Coming back to add something I've learned since my last post here — the spec that separates the good servo presses from the great ones is something most spec sheets don't even list: position loop bandwidth.
This is the servo system's ability to follow a commanded position trajectory accurately at speed. Higher bandwidth = the slide follows your programmed motion profile more precisely, especially during rapid direction changes and at the transition from fast approach to slow forming speed.

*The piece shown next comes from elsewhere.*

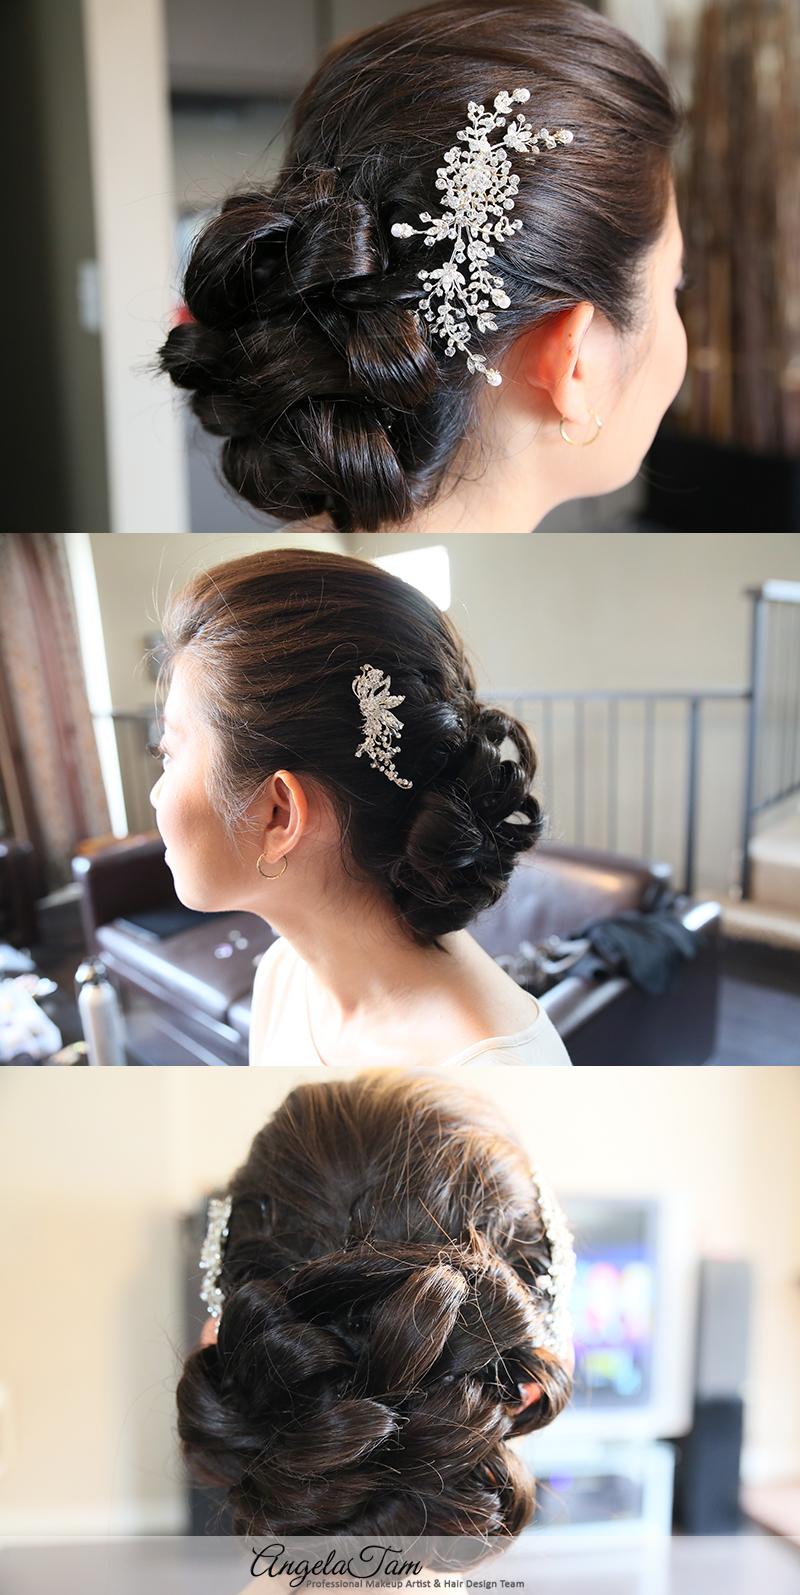 San Diego Wedding Asian Bridal Makeup Artist And Hair Stylist

Why it matters practically: on a low-bandwidth system (say 50 Hz position loop), when you command a sharp deceleration from 500mm/s to 50mm/s at the start of forming, the slide overshoots by 0.5-1mm before settling. That overshoot hits your die at forming speed instead of approach speed. On a high-bandwidth system (150+ Hz), overshoot is under 0.1mm.

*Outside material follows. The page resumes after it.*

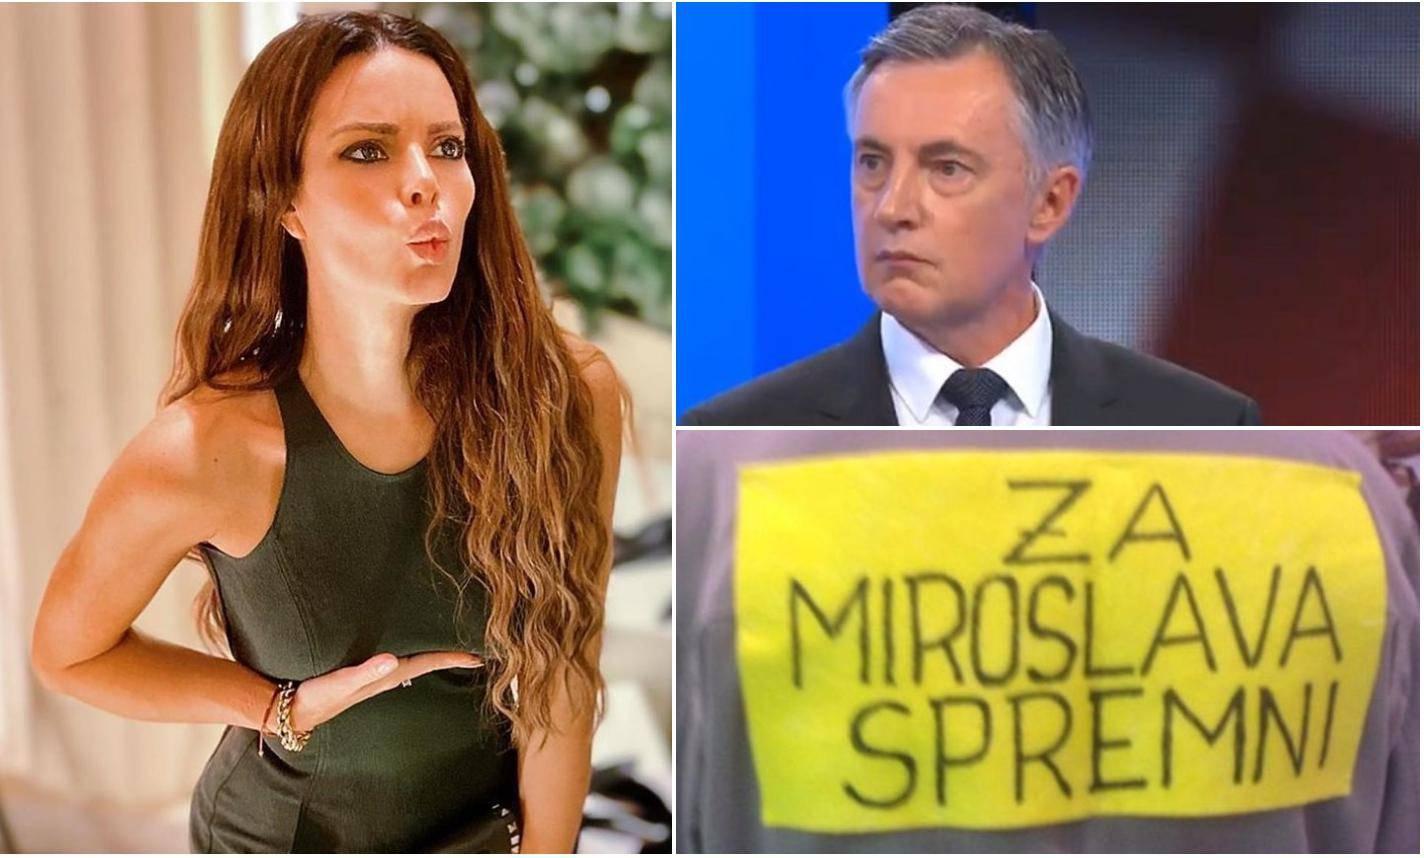 Objavila i fotke: Nikolini Pišek je mučno od Škorinih glasača...

You won't find this on a brochure. Ask the manufacturer: "What is the position loop bandwidth with a full-mass slide at rated speed?" If they can't answer or give you a vague response, that tells you something.
Other specs I now ask for that aren't standard:
- Slide velocity ripple at low speed (important for draw quality — should be under 2% at 10mm/s)
- Regenerative braking capacity (affects how fast you can decelerate without tripping an overvoltage fault)
- Time from stop to full tonnage (some presses need 50-100ms to build force from a dead stop, which limits your dwell-then-form profiles)
- Maximum slide acceleration (tons/second ramp rate) — this determines how quickly you can transition between motion segments
sarahJ_mfg's point about SPM at actual stroke is critical. I'd add: also ask for SPM at your actual tonnage AND stroke. A press might do 40 SPM at full stroke unloaded but only 25 SPM at full stroke AND full tonnage because the motor can't deliver peak torque at high speed simultaneously.